Brad Herman is chief supply officer at Videology, a video advertising technology company.
Perceived risk keeps most video publishers from selling to programmatic buyers. There’s the risk of driving down pricing, of jeopardizing direct-sales efforts and of devaluing premium inventory. But like any good risk-management strategy, diversity in sales channels actually reduces exposure to risk.
Programmatic is not synonymous with real-time bidding. It’s any data-driven, technology-enabled media transaction, including both guaranteed buying, a mainstay of brand advertisers, as well as buying using RTB. The guaranteed sales, with rates and volume negotiated upfront, are generally better understood and more favorably received by publishers than its less predictable, biddable cousin. But RTB plays a huge role in the programmatic ecosystem, even within the premium, relatively limited realm of video, and publishers who don’t embrace it may be leaving dollars on the table.
Viewership waves can be unpredictable. Given that the average lifespan of a digital impression is measured in milliseconds, the time to lay the pipes in the event of a sudden windfall — or shortfall — is well before it ever occurs. Anything from the latest viral cat video to the most recent celebrity misstep to something as serious as Hurricane Sandy can bring a wave of unexpected viewership. But that windfall is only as valuable as a publisher’s pre-designed plan to turn those unexpected eyeballs into dollars.
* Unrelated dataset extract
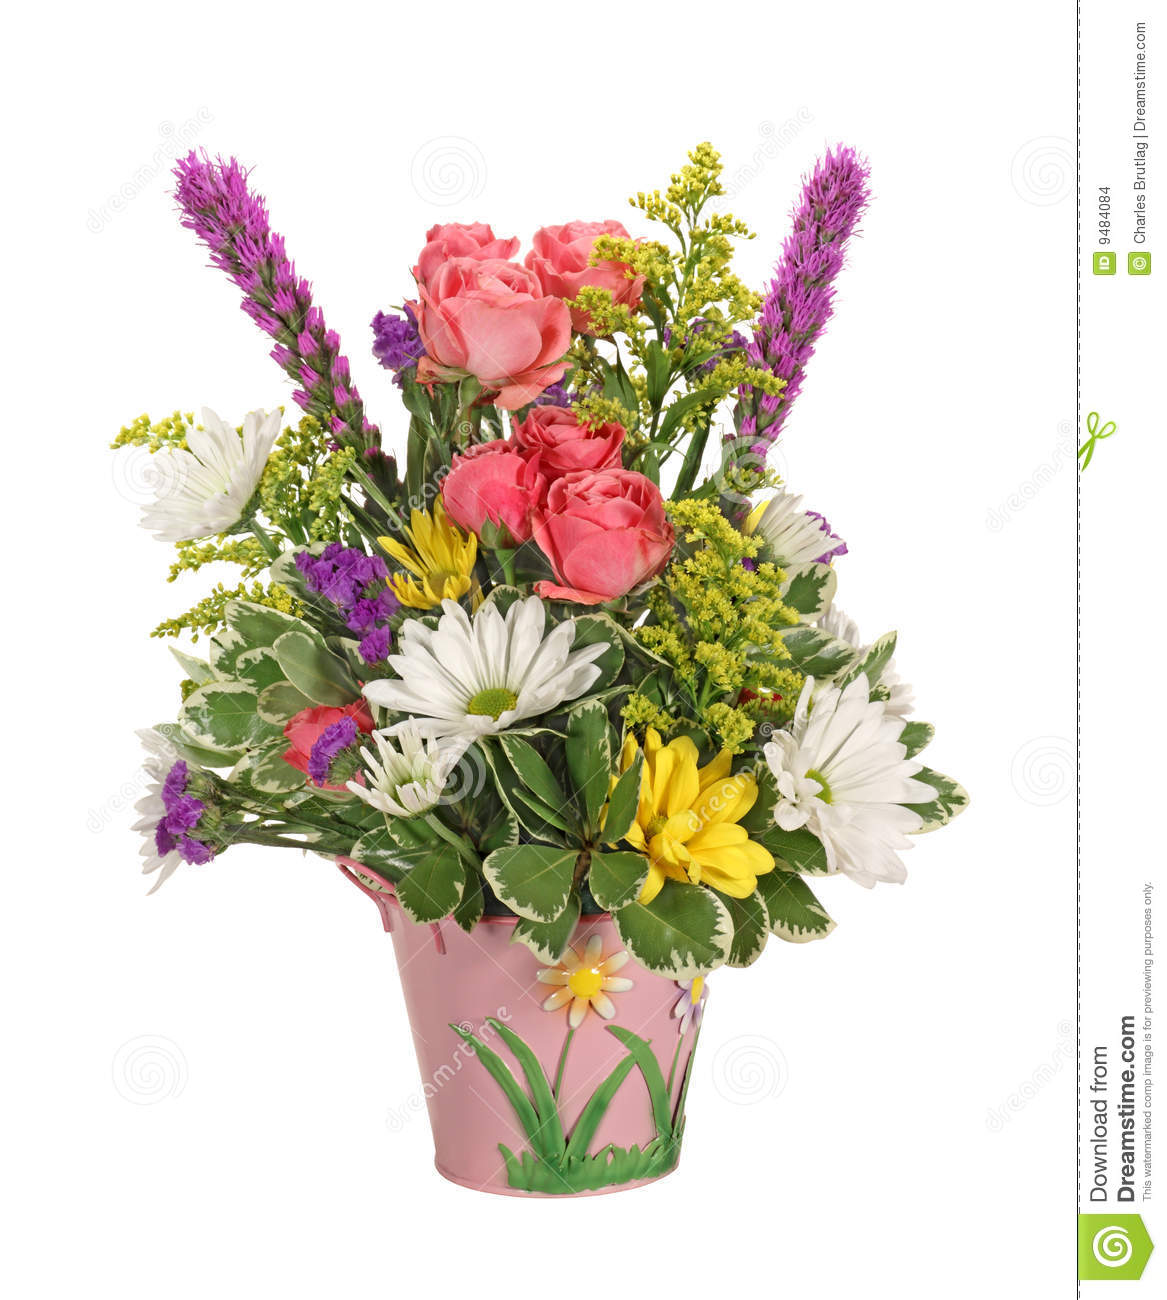 Flower Bouquet Of Roses And Daisies Isolated On White

As such, it’s time to stop thinking in terms of either/or sales strategies. It’s not about direct or programmatic. It’s not about premium or remnant. Ideally, it’s an optimized, holistic blend of both direct- and programmatic-sales protocols, encompassing private exchanges, public exchanges, third-party demand platforms and RTB platforms. The right mix will vary by publisher, and each publisher’s mix will vary by season, by week and possibly even by minute. And in the best of all possible worlds, inventory yield optimization tools will holistically evaluate a publisher’s inventory, wherever it lives and in whatever form, and determine the optimal mix of demand sources.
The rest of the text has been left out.